Historically, the crisis of the West began with the crisis of American capitalism in 1929. At that time, the majority of books and newspapers claimed that the concentration of capital sterilized the economy by preventing competition in many areas. While famine was raging in the US, three political models were proposed by the press at the time to break the economic deadlock:

– Leninism with the nationalization of all productive goods at the risk of destroying all individual initiative;

– the fascism of Lenin’s former representative in Italy, Benito Mussolini, who planned not to fight against the concentration of capital, but to organize it within corporations, at the risk of making employees lose all possibility of resisting abusive employers;

– Franklin Roosevelt’s progressivism, for whom technology was supposed to revive the economy and provide the solution as long as competition was restored by dismantling large corporations (according to Simon Patten’s doctrine).

It was Lenin himself who noted the failure of his economic theory during the Civil War.

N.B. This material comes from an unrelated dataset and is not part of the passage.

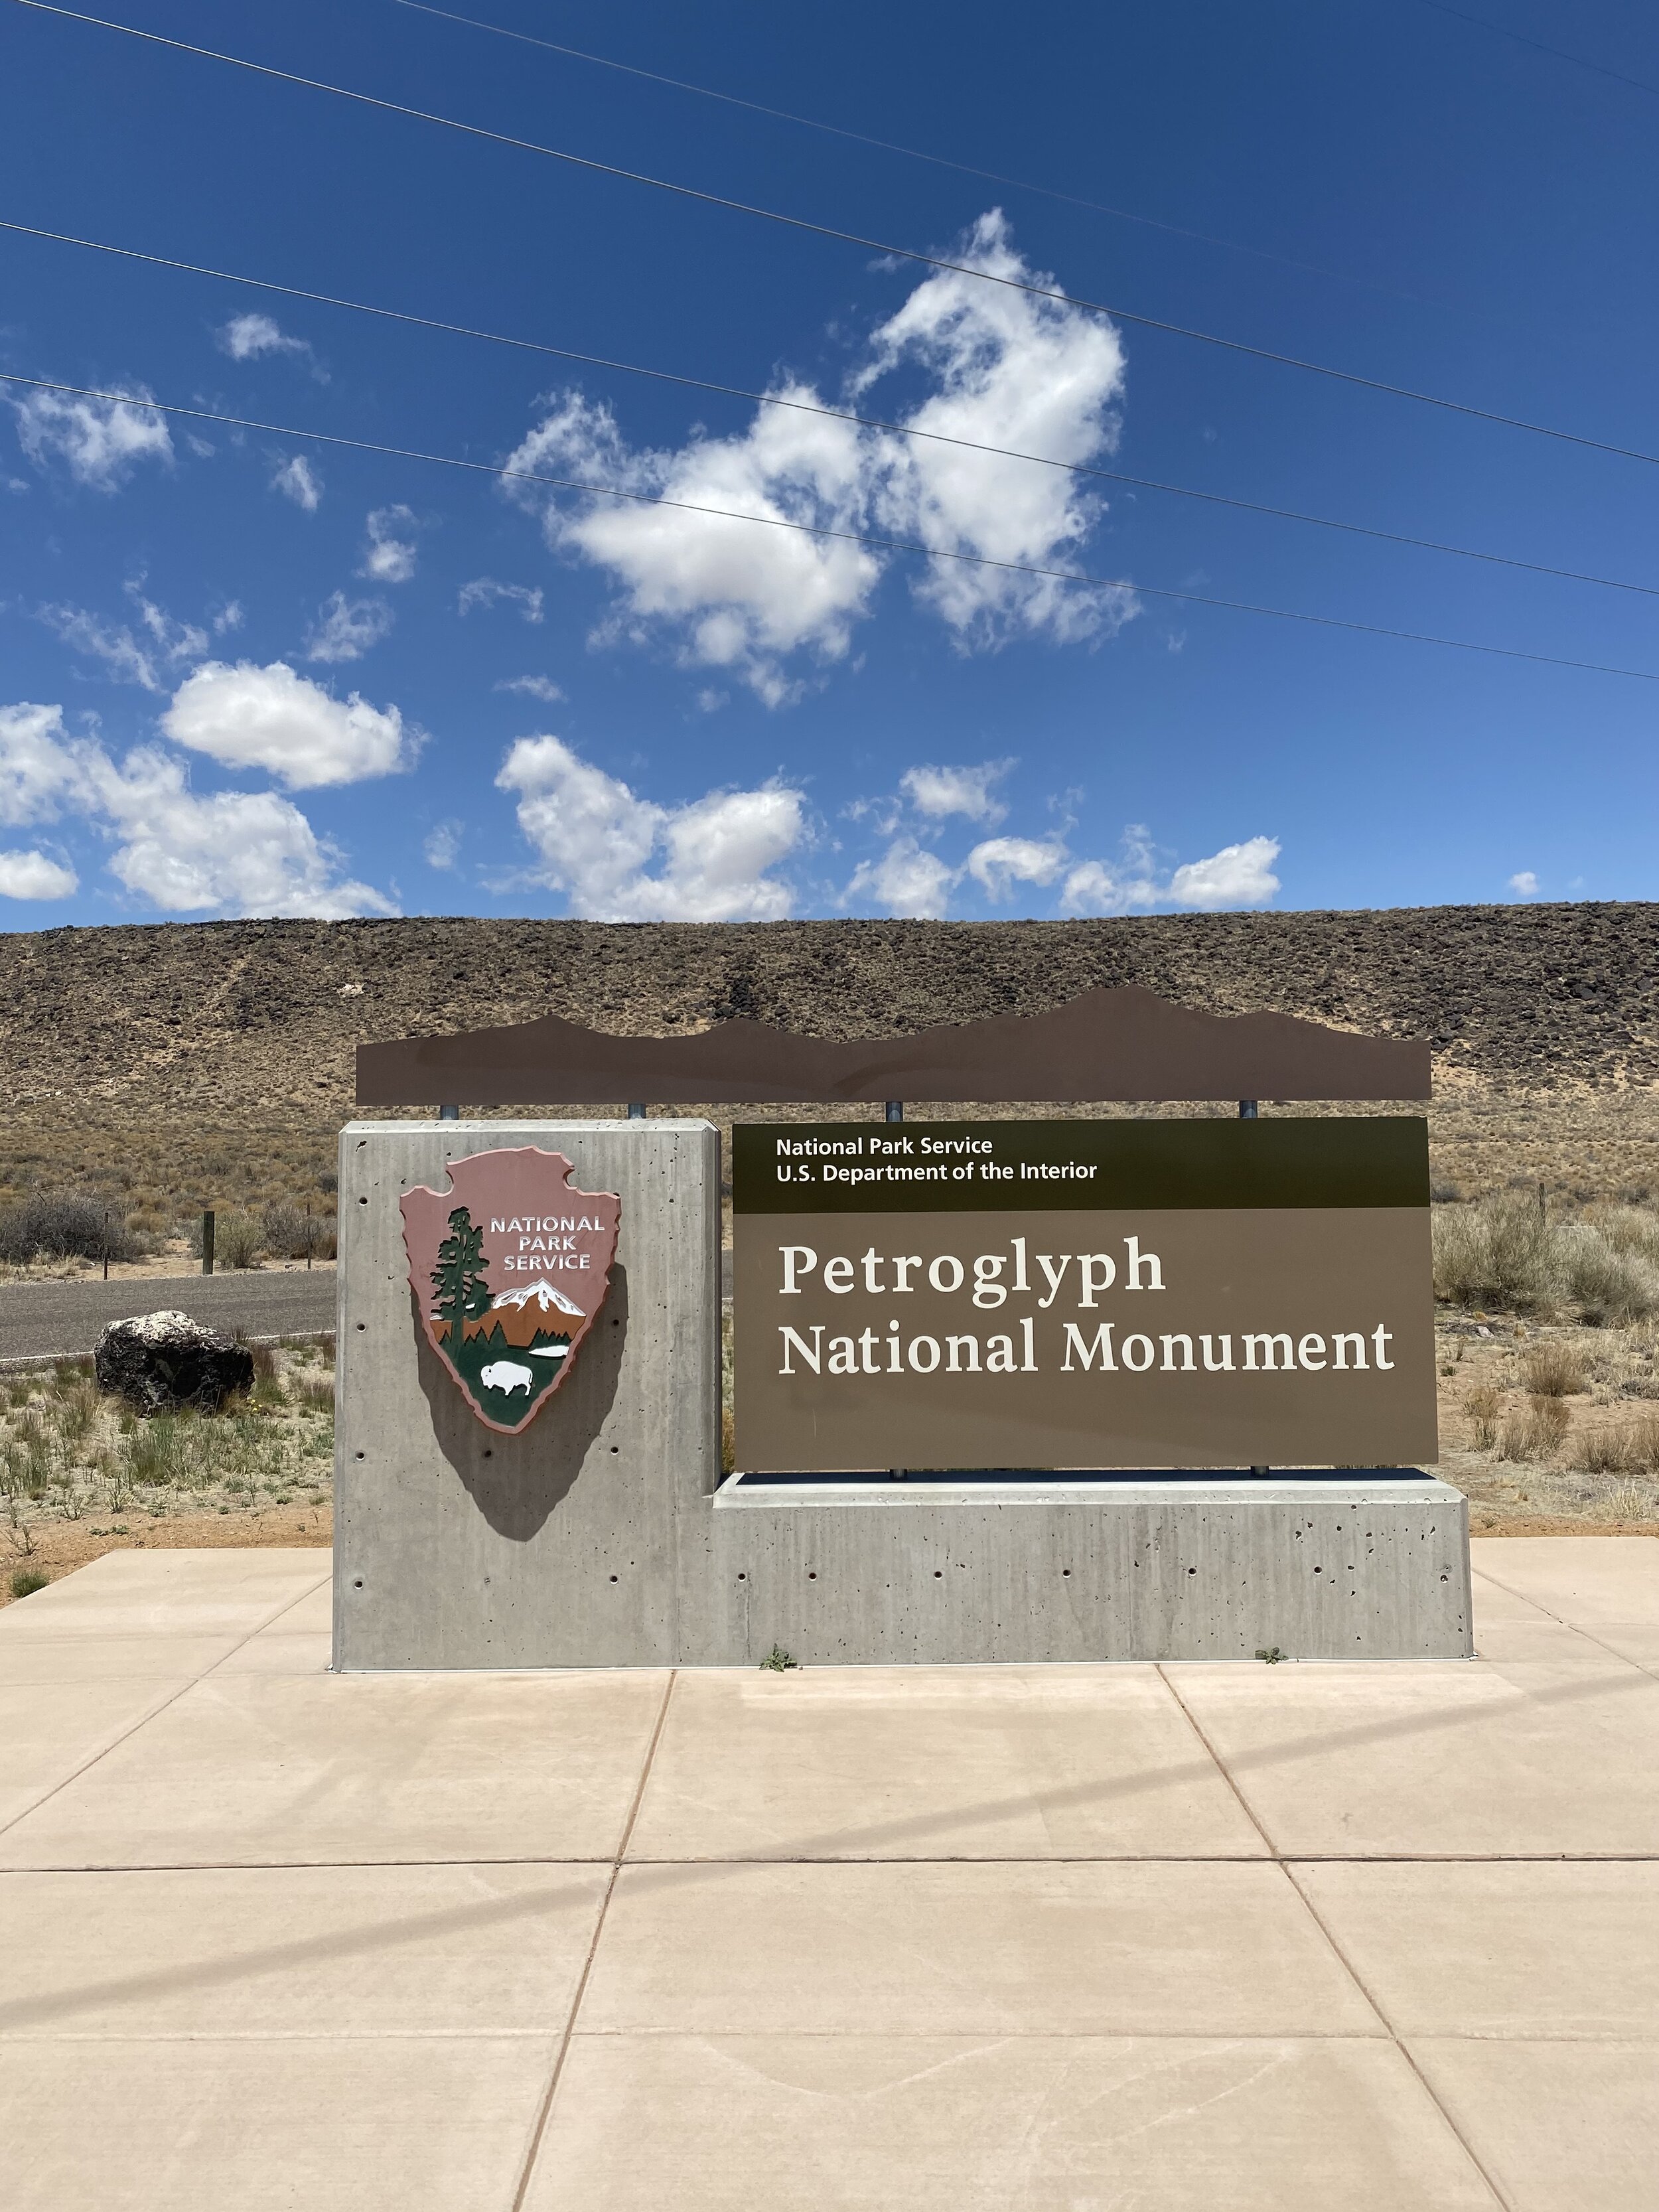 Entrance sign to Petroglyph National Monument in New Mexico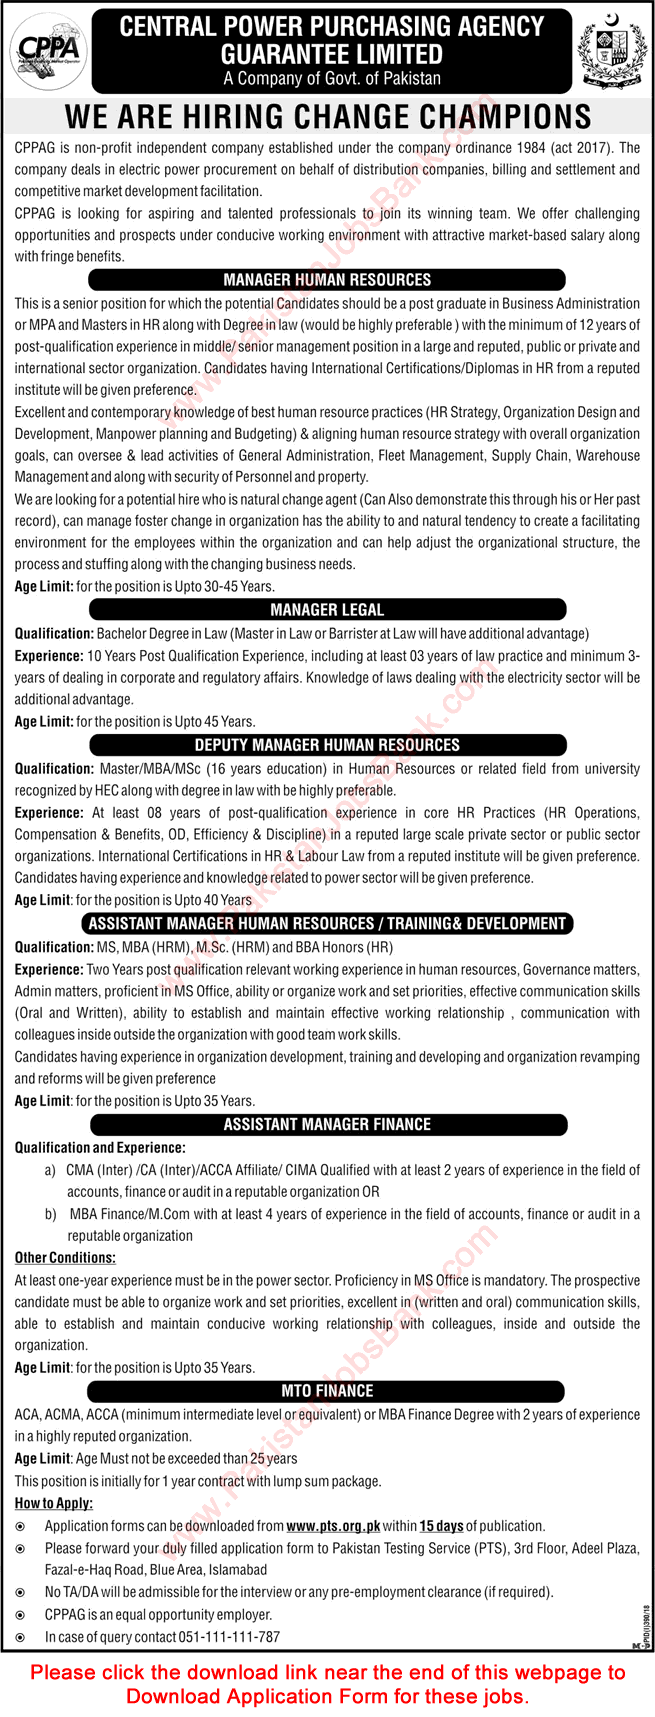 Central Power Purchasing Agency Pakistan Jobs July 2018 PTS Application Form CPPA / CPPAG Latest

He then liberalized foreign trade and even allowed some private enterprises in the Soviet Union (the New Economic Policy – NEP). Fascism could only develop at the price of terrible repression. It was swept away by the Second World War. Progressiveism remained the rule until the 1980s when it was challenged by the deregulation of Ronald Reagan and Margaret Thatcher.

This fourth model is now also challenged by the destruction of the middle classes caused by globalization. President Bush Sr. thought that with the disappearance of the USSR, the search for prosperity should replace the military rivalry between Washington and Moscow. He allowed some US companies to form an alliance with the Chinese Communist Party and to relocate factories to the Chinese coast. Even though Chinese workers were not trained at all, the cost of their labor being twenty times lower in China than in the U.S., these companies accumulated colossal profits that allowed them to impose a much greater concentration in certain sectors than in 1929. Moreover, they made most of their profits not from the production of goods and services, but from the income from their liquid assets. Capitalism changed its nature once again. It was no longer productive, but had become financial.

Chinese workers, having gradually trained themselves, have now become as costly as US workers, so that relocation now affects their own country to the benefit of Vietnam and India this time. We’re back to where we started.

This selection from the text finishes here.